Site information
- Website: https://darvercastle.ie

Location
- Coordinates: 53°55′33″N 6°28′19″W﻿ / ﻿53.925851°N 6.4719525°W

Site history
- Built: 1171

= Darver Castle =

Fortified house turned hotel in County Louth, Ireland

Darver Castle is a fortified tower and manor house located in Readypenny, Dundalk, County Louth, Ireland, dating back to the 12th century. The name "Darver" is derived from the Gaelic word "Dairbhe" meaning "Oakwood."

==History==
Following the second stage Norman invasion of Ireland in 1171, King Henry II of England granted 500 acres of land to Patrick Babe, on land formerly owned by the church. These were probably awarded for services rendered during the invasion though the circumstances remain unknown. Patrick would go on to erect a fortified tower on the north hill nestled on the edge of the deep slope that led to the banks of two rivers, these rivers serving both defensive and alimentary roles. In the south hill Patrick built a round watchtower to guard the approach. These original buildings on the site of Darver castle would have been wooden (hence the "Darver" name).

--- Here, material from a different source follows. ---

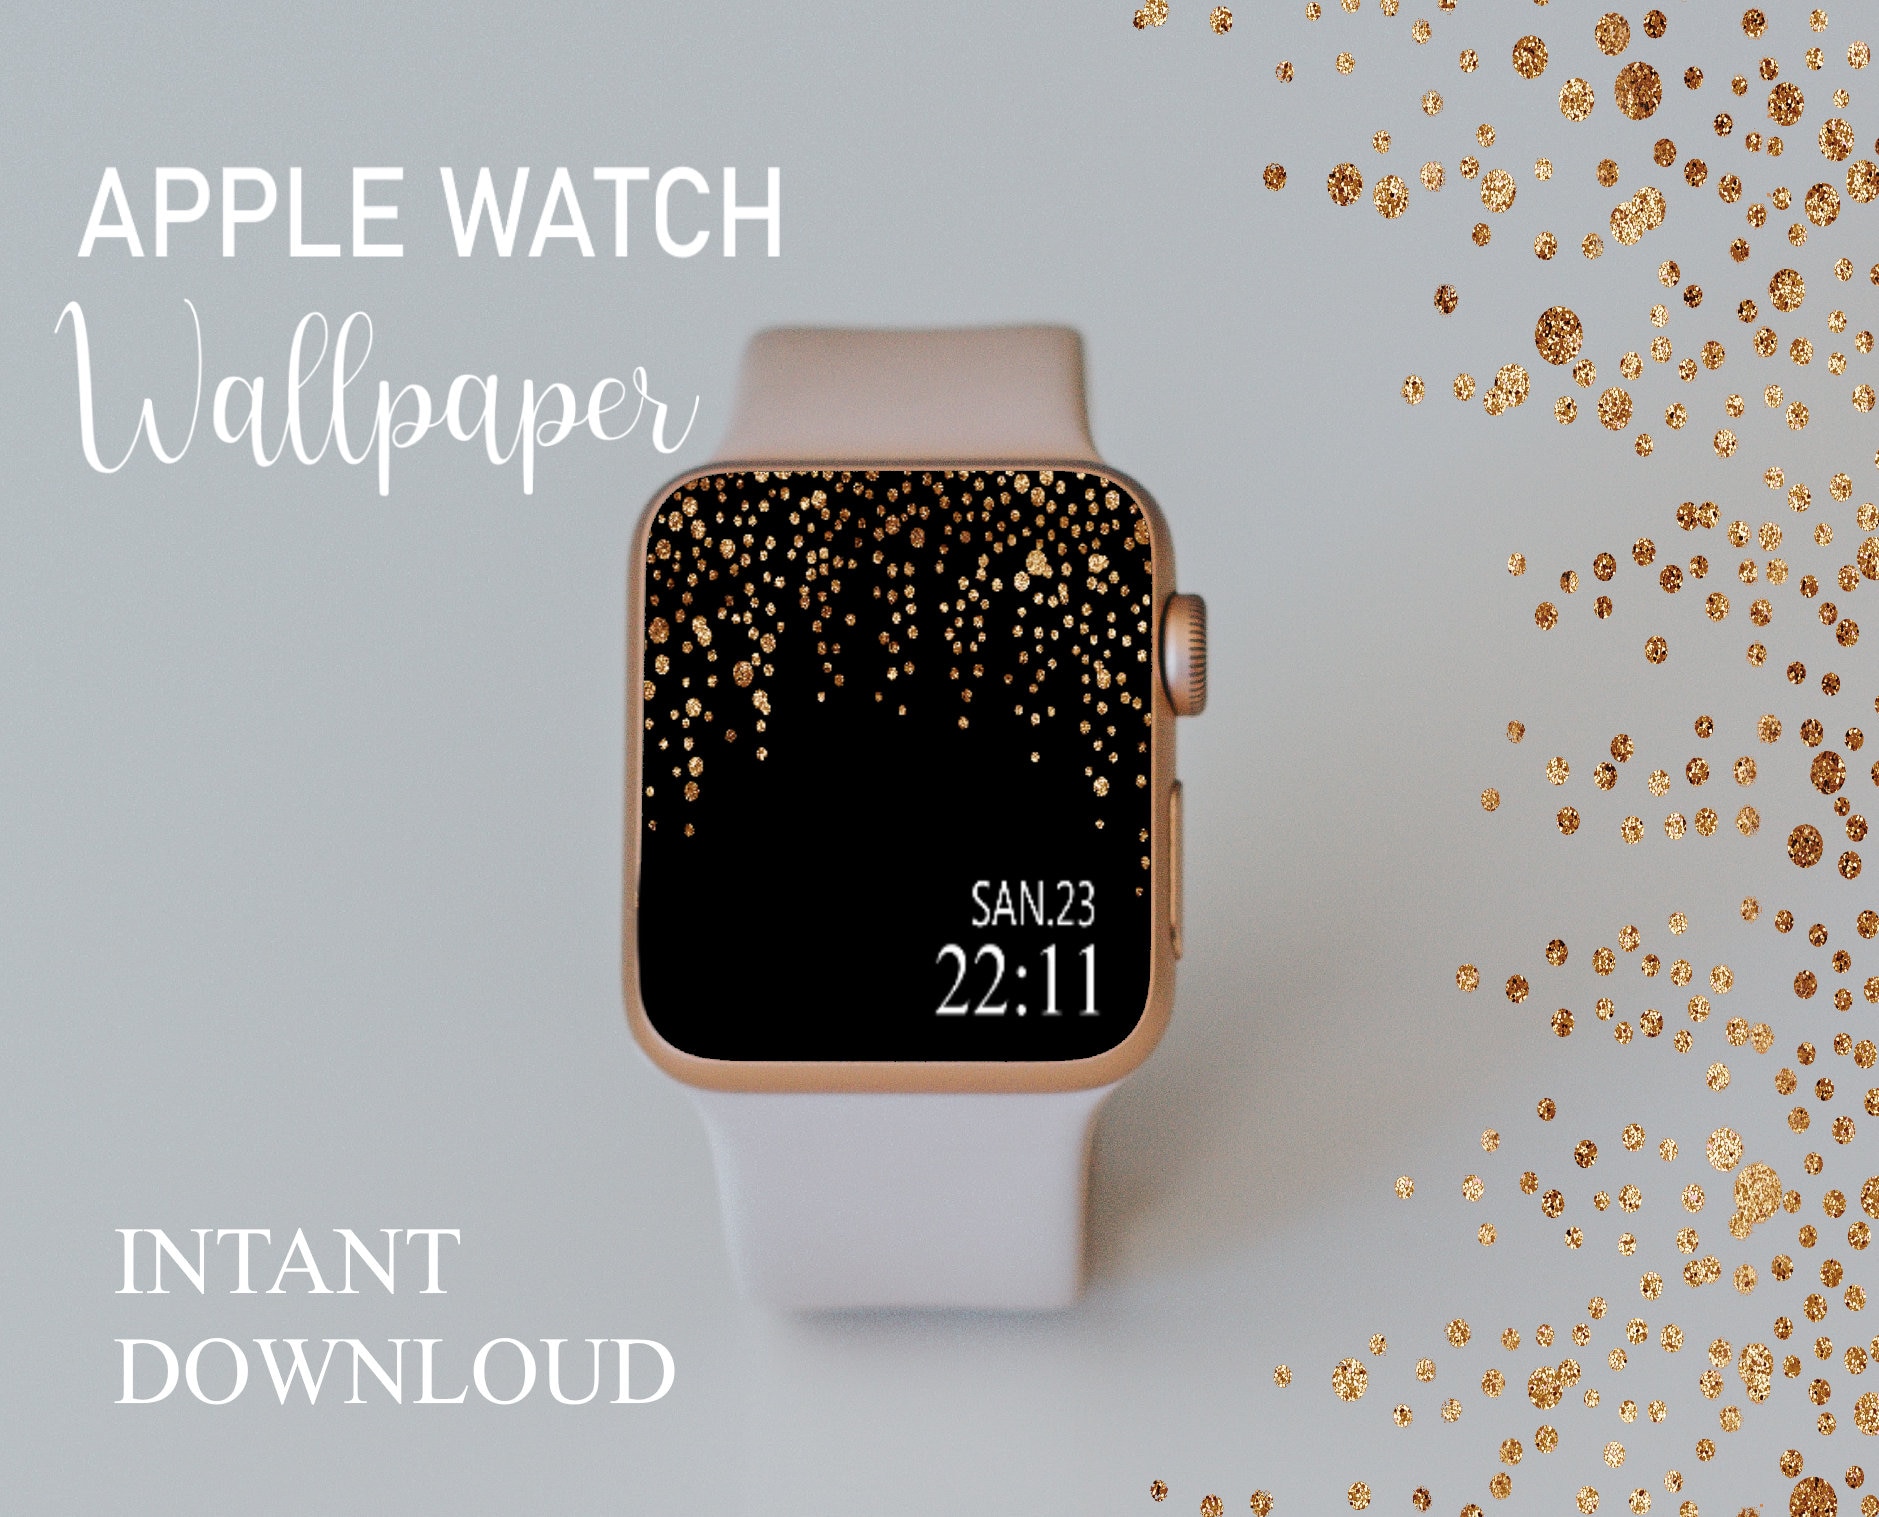 Blossom Pink Apple Watch Wallpaper Floral Flower Garden  Etsy  Apple  watch wallpaper Apple watch Pink apple

The stone tower visible today was added c. 1432. Despite being on the borders of The Pale and preparations for the possibility of a siege being taken, there is no record of any siege being attempted at Darver castle.

In 1740 the Babe family sold Darver Castle to Randal Booth, and Booths descendants lived at Darver until 1980. In 1997 the castle was sold to the Carville family, who have renovated and refurbished it, turning it into a luxury hotel, wedding venue and restaurant.